Ауицотль тогда уже начал превращать эти беспорядочные заросли в парк, и хотя фонтанам, купальням, статуям и тому подобному предстояло появиться лишь через несколько лет, лес уже поредел. От него остались только невероятно древние, могучие кипарисы-ауеуеткве да ковер из трав и диких цветов, расстилавшийся под ними. Но рано утром этот подлесок скрывал туман, и создавалось впечатление, будто каким-то непостижимым образом волшебные кипарисы-великаны вырастали прямо из бледно-голубой дымки, поднимавшейся с земли в лучах восходящего солнца. Вздумай Чимальи припасть к земле где-то в этом мареве, он тоже стал бы для меня невидим.

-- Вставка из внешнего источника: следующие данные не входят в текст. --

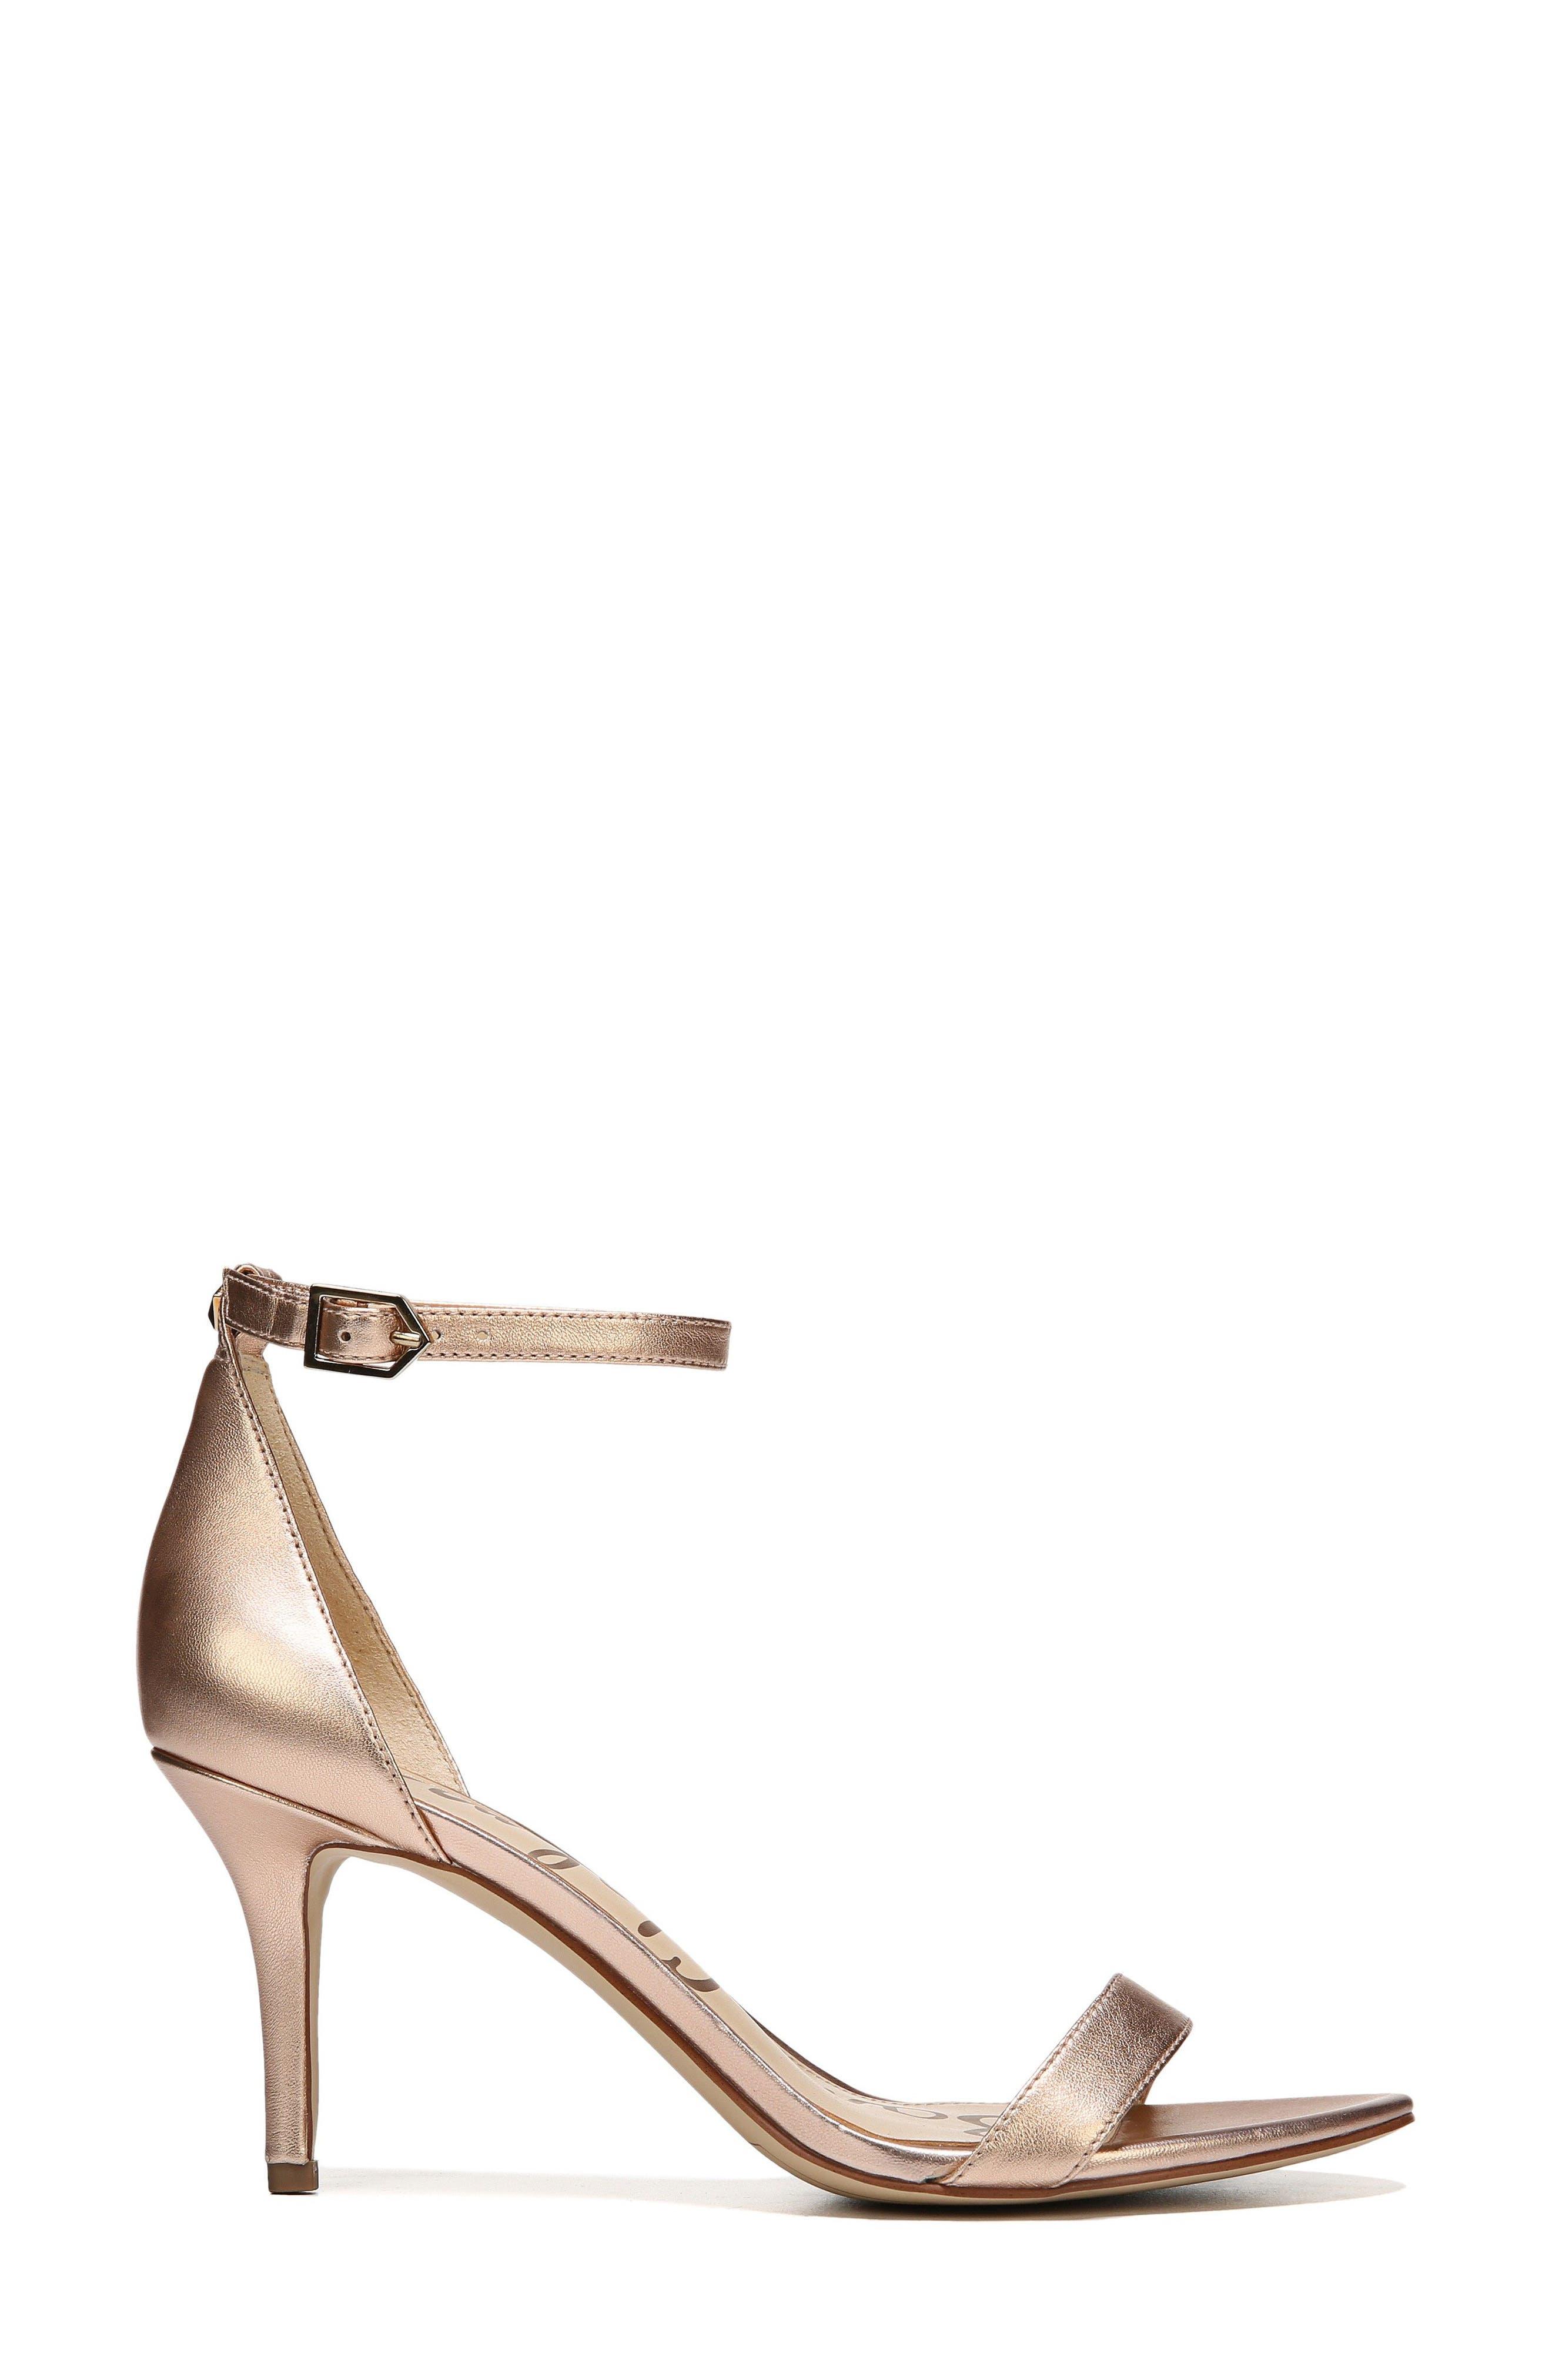 ,                             'Patti' Ankle Strap Sandal,                             Alternate thumbnail 170, color,                             220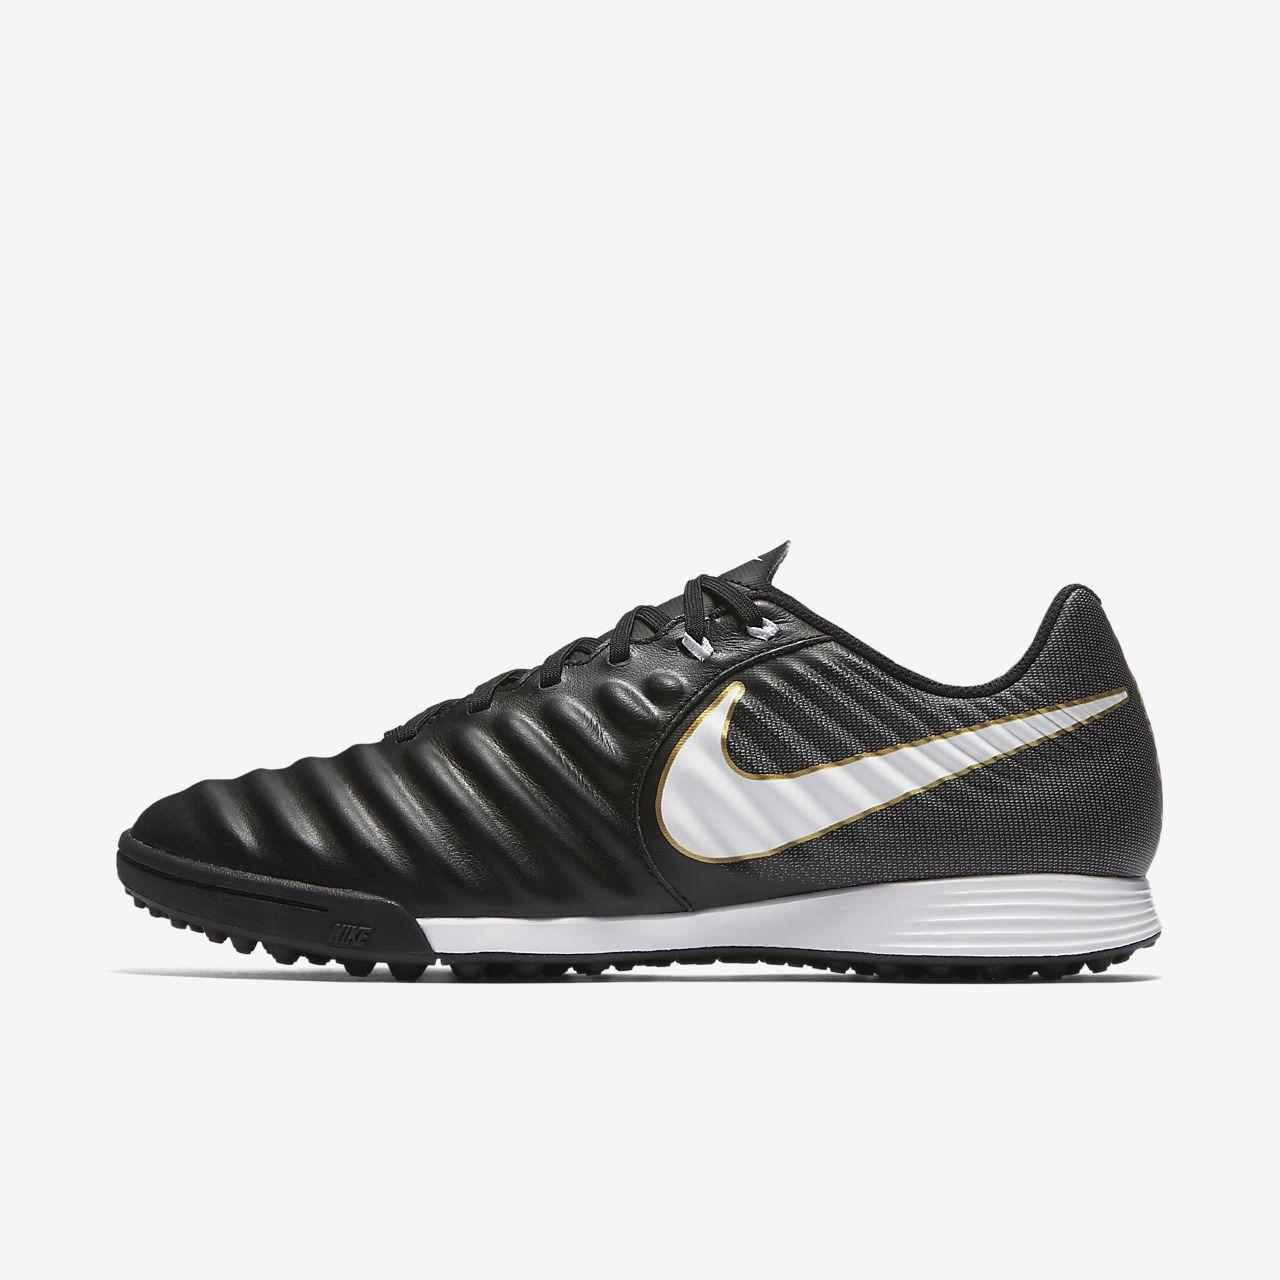 Nike Tiempox Ligera Iv TF, Chaussures de Football Homme, Noir (Black/White/Black 002), 39 EU

Однако стоило мне поднести к глазу топаз, я увидел, что мой противник, обнаженный, растянулся на толстой кипарисовой ветке, отходившей от ствола на высоте приблизительно в полтора моих роста.
В вытянутой правой руке, тоже прижатой к ветви, Чимальи держал макуауитль. На какой-то момент я растерялся. Что это за засада, которую так легко обнаружить? И почему он раздет?